DATA LISTING:
%%

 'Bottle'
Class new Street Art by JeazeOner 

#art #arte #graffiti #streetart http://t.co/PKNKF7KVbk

%%
%%

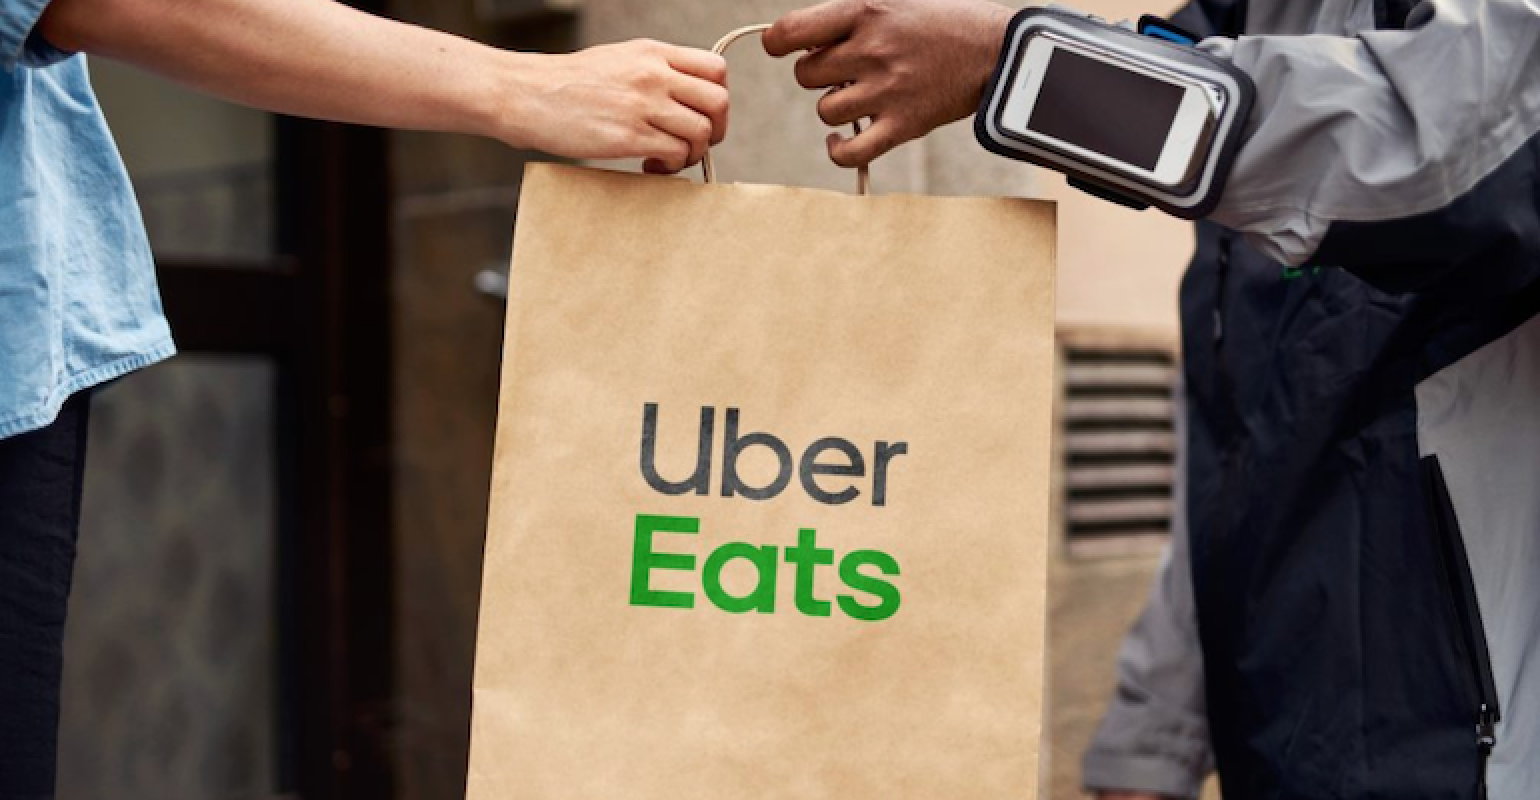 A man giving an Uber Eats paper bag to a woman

%%

BRIEF:
Using the data above, print exactly the lines from the line that contains "Class new Street Art by JeazeOner" through the line that contains "#art #arte #graffiti", with both included.

REPLY:
Class new Street Art by JeazeOner 

#art #arte #graffiti #streetart http://t.co/PKNKF7KVbk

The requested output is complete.